<for the server>
Perhaps using the percentage of good habit already known as a lower
bound p(known), test a hypothesis Ha: p(new)>p(known) vs H0:
p(new)=p(known), using the at risk of improving.
p(known) is the best (highest) you have just before your new
hypothesis testing.
Regards,
José Maria
Jose Maria Pacheco de Souza, Professor Titular (aposentado)
Departamento de Epidemiologia/Faculdade de Saude Publica, USP
Av. Dr. Arnaldo, 715
01246-904 - S. Paulo/SP - Brasil
fones (11)3061-7747; (11)3768-8612;(11)3714-2403
www.fsp.usp.br/~jmpsouza
----- Original Message ----- From: "Michael I. Lichter"
<[email protected]>
To: <[email protected]>
Sent: Thursday, June 11, 2009 2:10 PM
Subject: Re: st: Re: single sample pre/post comparison of proportions
Svend: The researcher who asked me about this likes the idea of
reporting CIs and forgoing the explicit hypothesis test.
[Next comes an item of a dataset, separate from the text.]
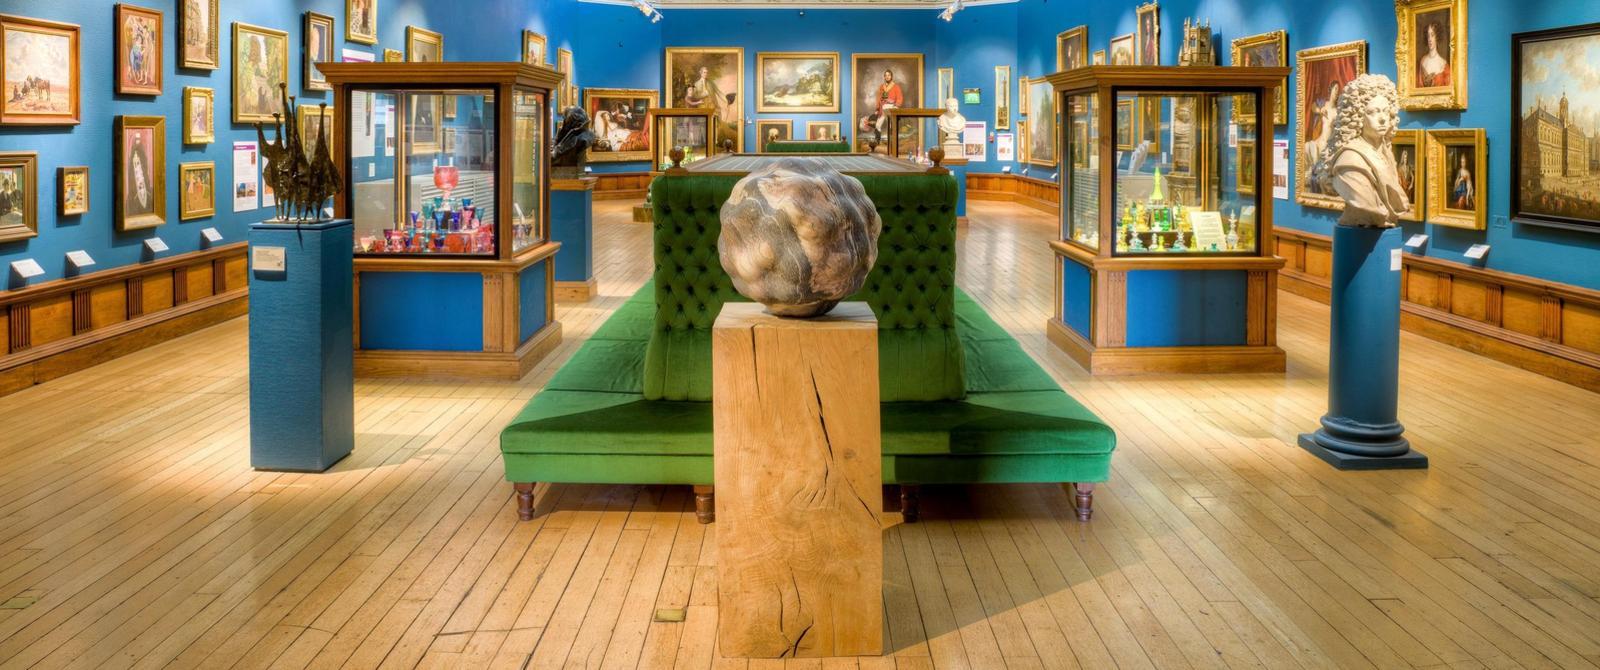 维多利亚艺术画廊

José: Unfortunately, it looks like the server ate the first line of
your post so I'm not certain what you're suggesting. Is p(known) the
pre-intervention proportion of adopters, is it an external estimate,
or is it something else? If it's the first, I'm not sure I could
justify that as a benchmark.
Thanks to both of you for your suggestions.
Michael
José Maria Pacheco de Souza wrote:
bound p(known), test a hypothesis Ha: p(new)>p(known) vs H0:
p(new)=p(known), using the at risk of improving.
Or as Svend presented, just estimate the proportion of new, among
those at risk. In this case, aftward it will difficult to resist the
temptation to compare this result with the p(known).